許裴之頷首,沒什麼歉意地道歉,「那抱歉打擾了。」轉身欲走,被一雙燃燒着熊熊怒火眼睛的蘇蔚寧給攔住了,「你以為這是什麼地方,想來就來想走就走?不準走!你給我說清楚!」

許裴之於是停步,朝縮著腦袋在被窩裏的蘇父道,「看來你現在的兒子和妻子還不知道,你當初的所作所為呢。」他當然蘇蔚寧對於父親的表現已經心中生疑,剛才提出走也不過是欲擒故縱。
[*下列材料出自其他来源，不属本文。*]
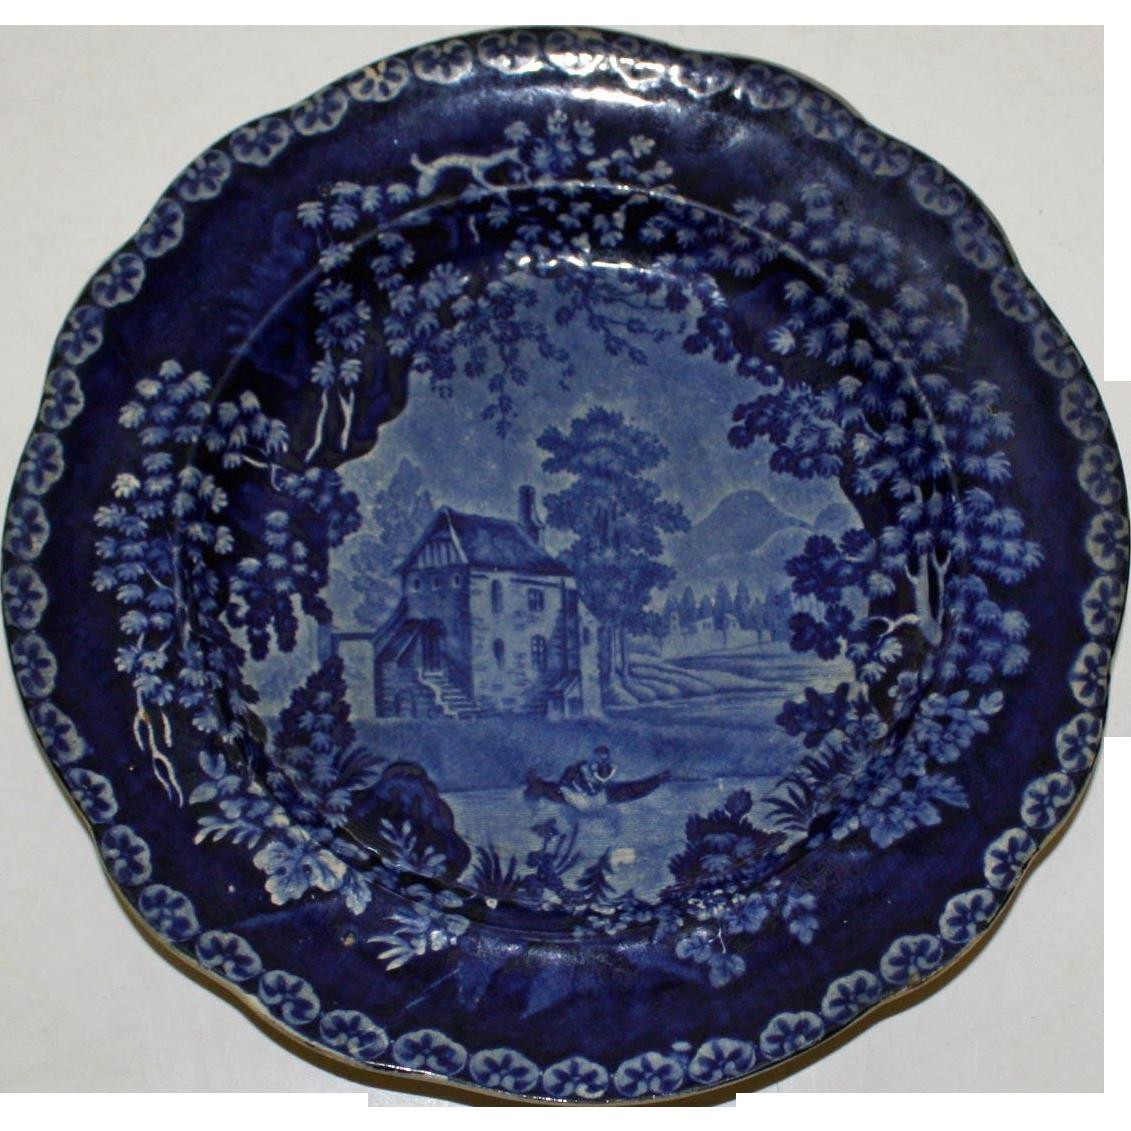 Adams c. 1830 Historical Blue River Scene Transferware Plate

在蘇蔚寧憤怒的目光下,許裴之言簡意賅說了起來,「我有個朋友,也可以稱他為我的欠債人吧,他欠了我一大筆錢。他跟我提過他的不幸遭遇。他父親引誘大家族裏的小姐私奔,結果妻子一生病,父親就偷走家裏僅剩的存款跑了,拋下生病的妻子和年幼的兒子。他小小年紀就要到處做活養活癱瘓的母親和自己。我見他可憐便帶在身邊,供他讀書,他挺有志氣,發誓會還錢給我,還寫下了欠條。後來他出車禍去世,臨死前拜託我找他的父親,如果找到,就讓他父親代替他還錢給我。有句話不是子債父償嗎,所以我今天是來討債的。」

話音落下,蘇蔚寧立刻反駁,「你有什麼證據證明我爸是那個人!我爸在我出生之前就遇到了車禍,從此雙腿殘疾沒法走路了,怎麼可能是之前離家出走什麼的?」

「車禍嗎,殘疾的真好,母--那孩子母親當年的痛苦你也品嘗到了,」許裴之瞥了一眼輪椅,泛起一絲帶着惡意的笑容,「如果腿是你爸離家出走後,和你母親結婚前斷的呢。蘇蔚寧,」他抬手打斷蘇蔚寧的辯解,繼續道,「你既然這麼信任你的父親,不妨親口問一問,你的好父親,他到底做沒做過拋妻棄子的事?」

「還有證據,」許裴之拿起手機,屏幕上是一張年歲已久的老照片,但仔細看很容易辨別出,裏面那個男人正是病床上的蘇父。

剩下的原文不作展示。